EXERCISE INPUTS.
#####
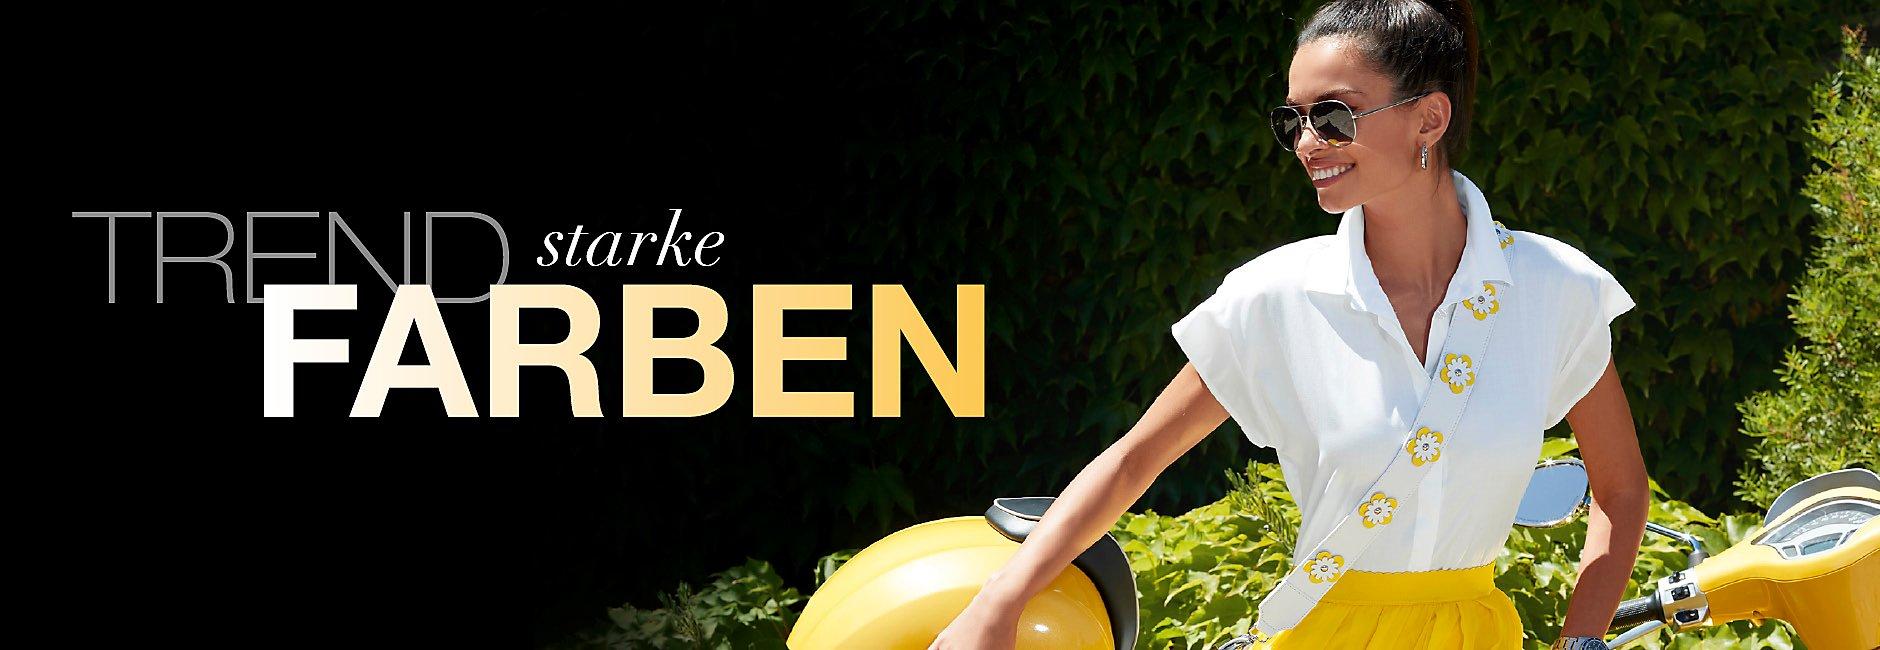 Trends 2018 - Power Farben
#####
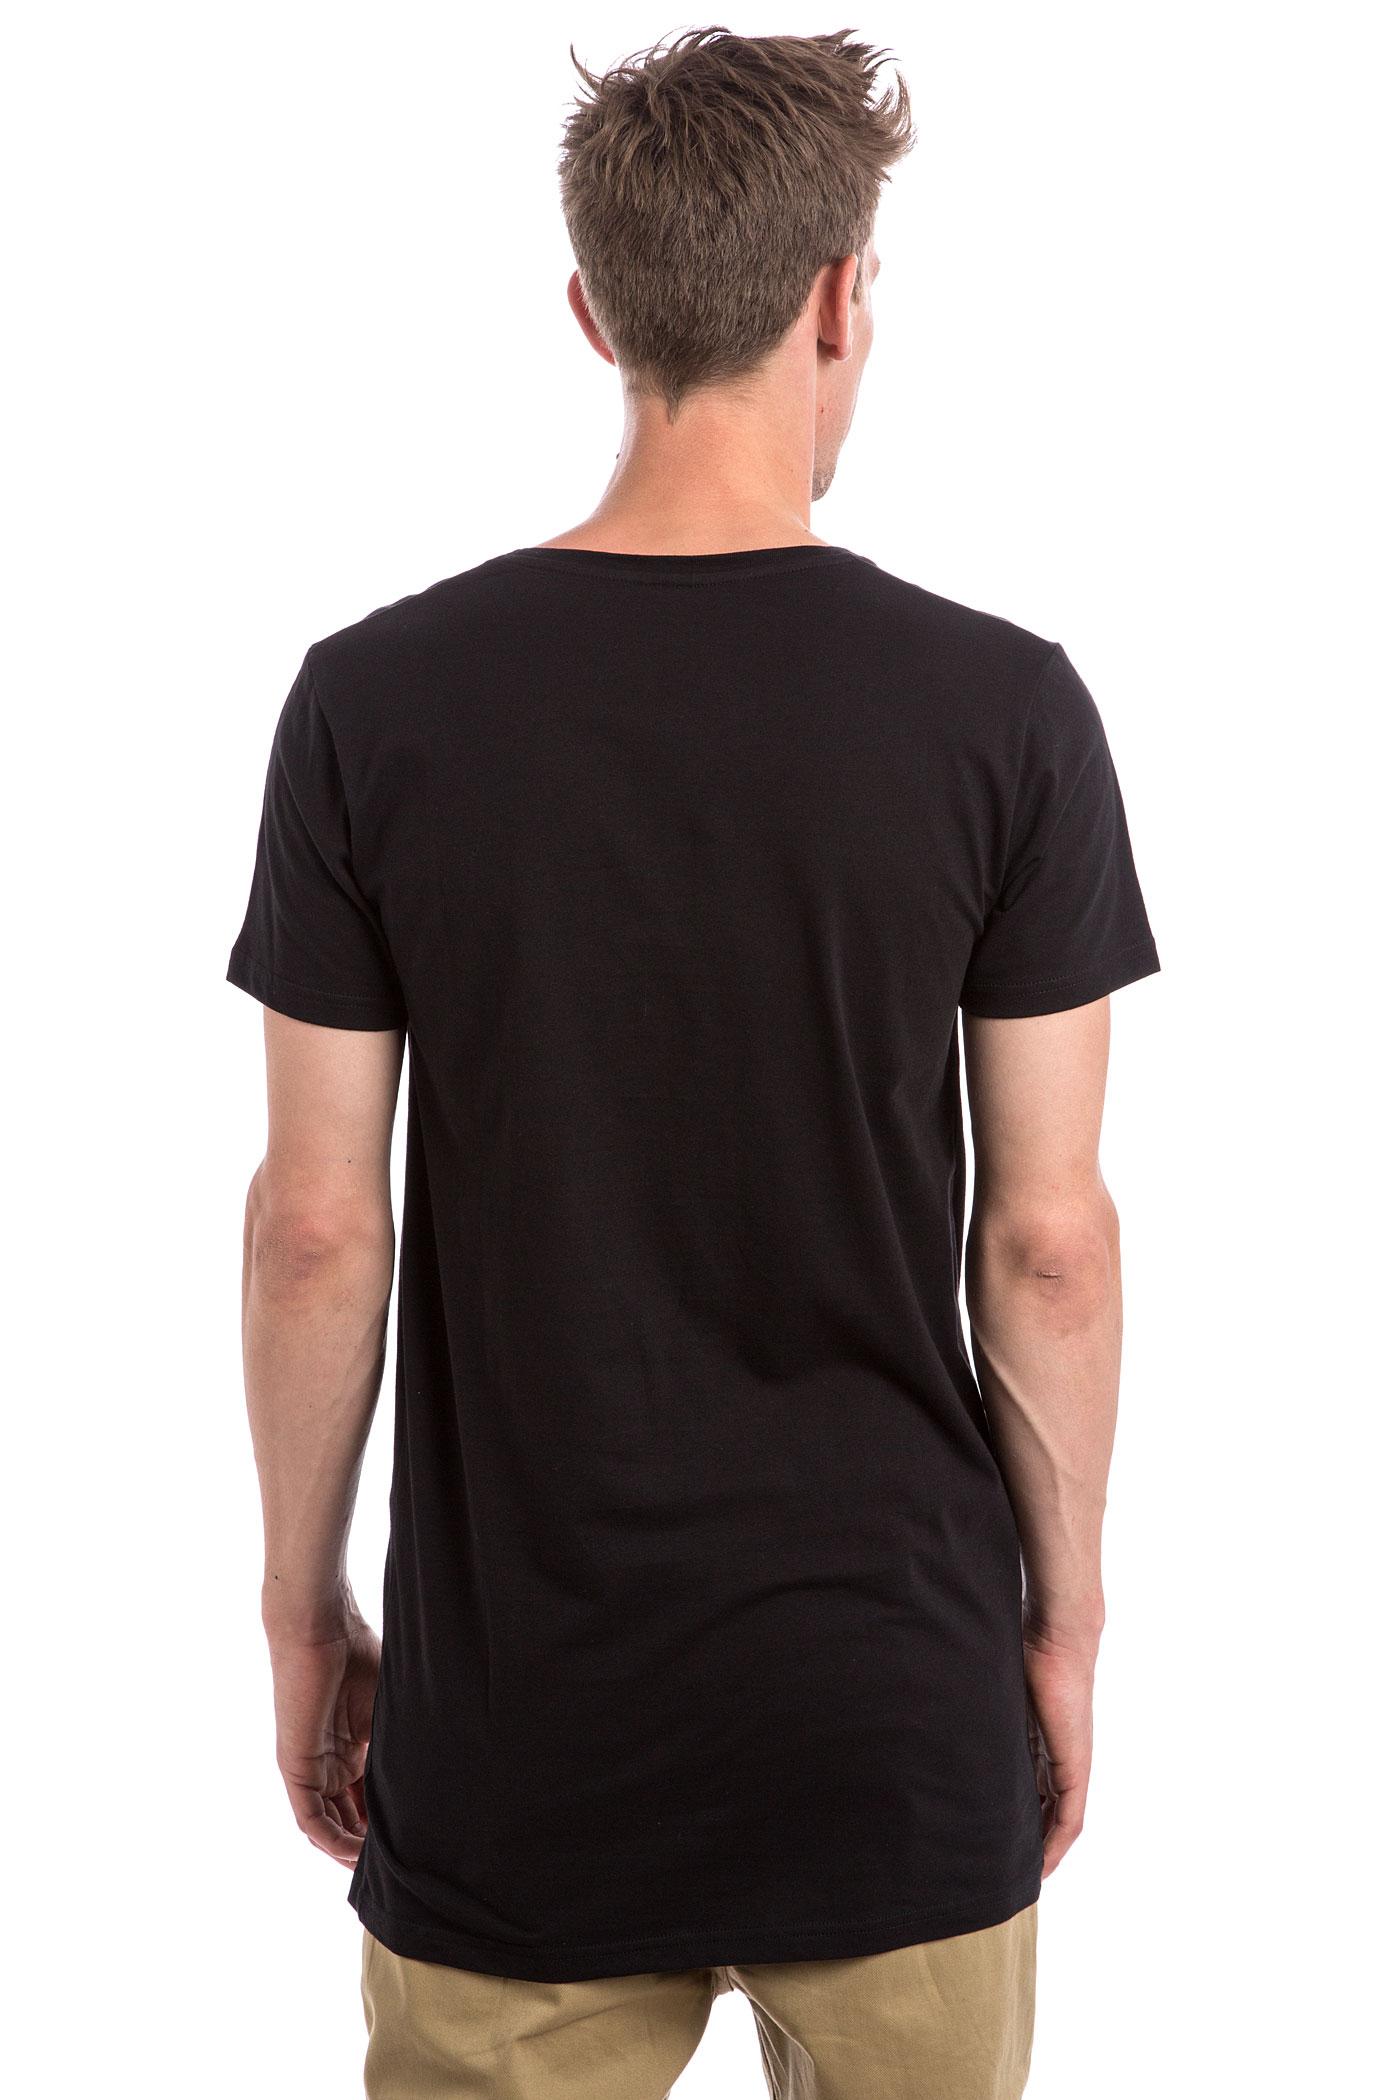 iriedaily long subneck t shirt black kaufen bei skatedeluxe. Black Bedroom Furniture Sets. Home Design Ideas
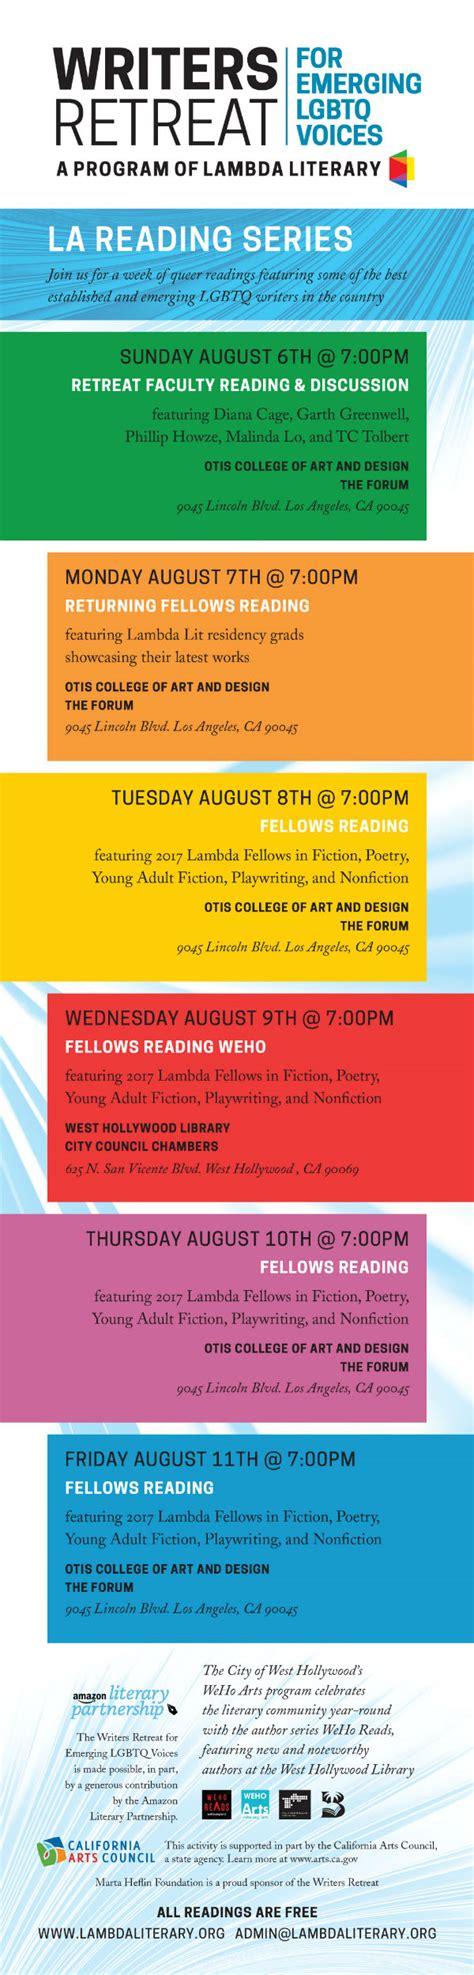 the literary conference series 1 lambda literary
#####
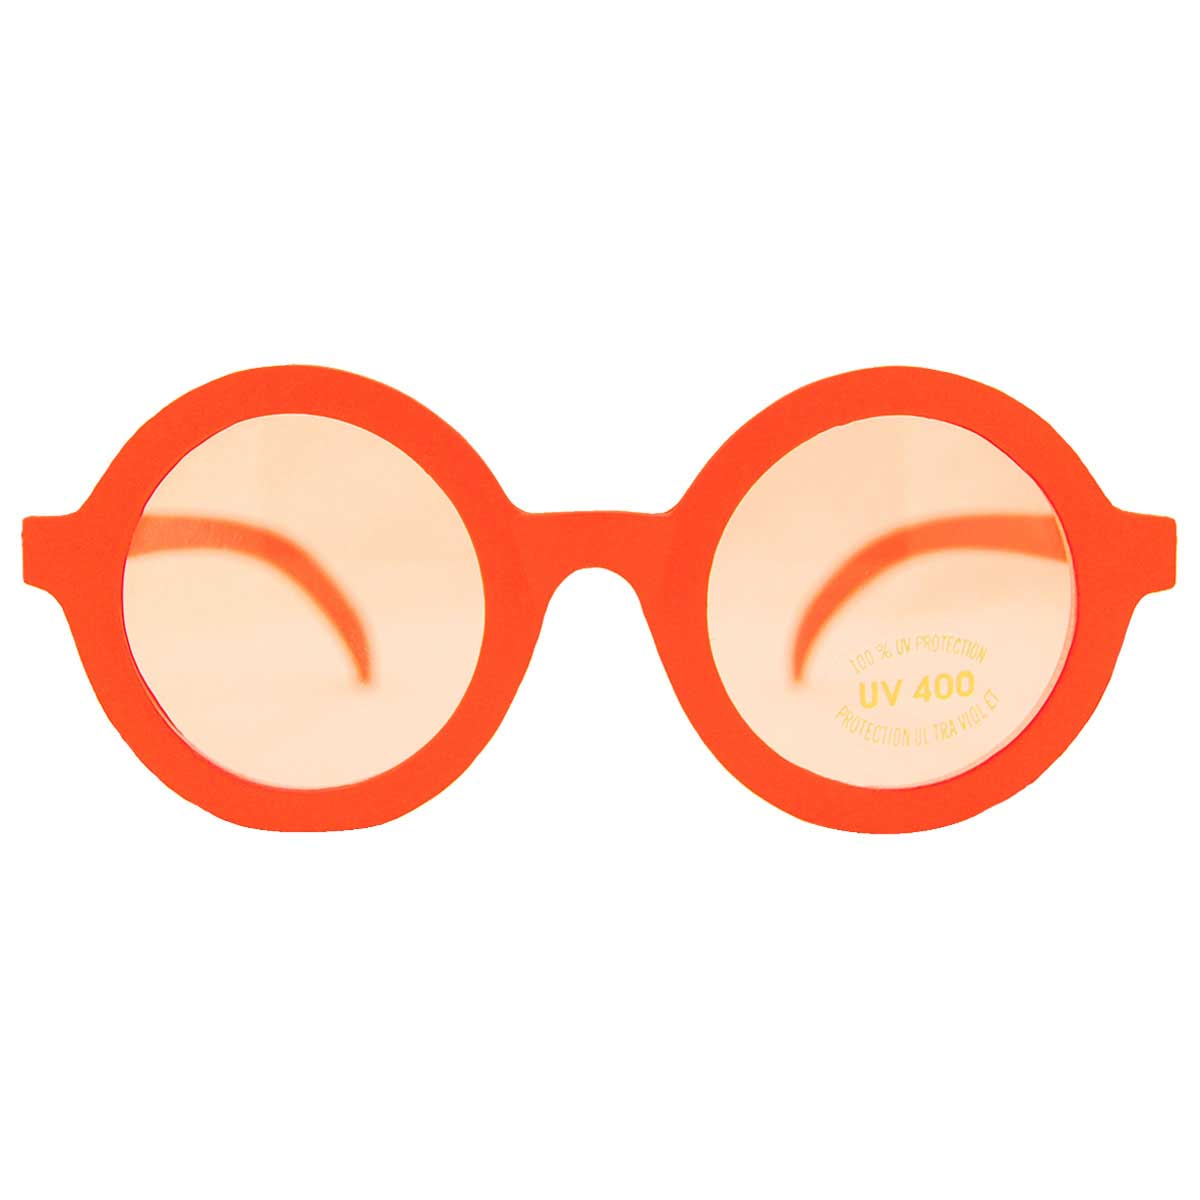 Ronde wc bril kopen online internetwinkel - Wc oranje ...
#####
WHAT IS EXPECTED. Give again the stretch of lines above from the one with "iriedaily long subneck" through the one with "the literary conference", both ends kept, and copy no pictures.

ANSWER TO THE EXERCISE.
 iriedaily long subneck t shirt black kaufen bei skatedeluxe. Black Bedroom Furniture Sets. Home Design Ideas
 the literary conference series 1 lambda literary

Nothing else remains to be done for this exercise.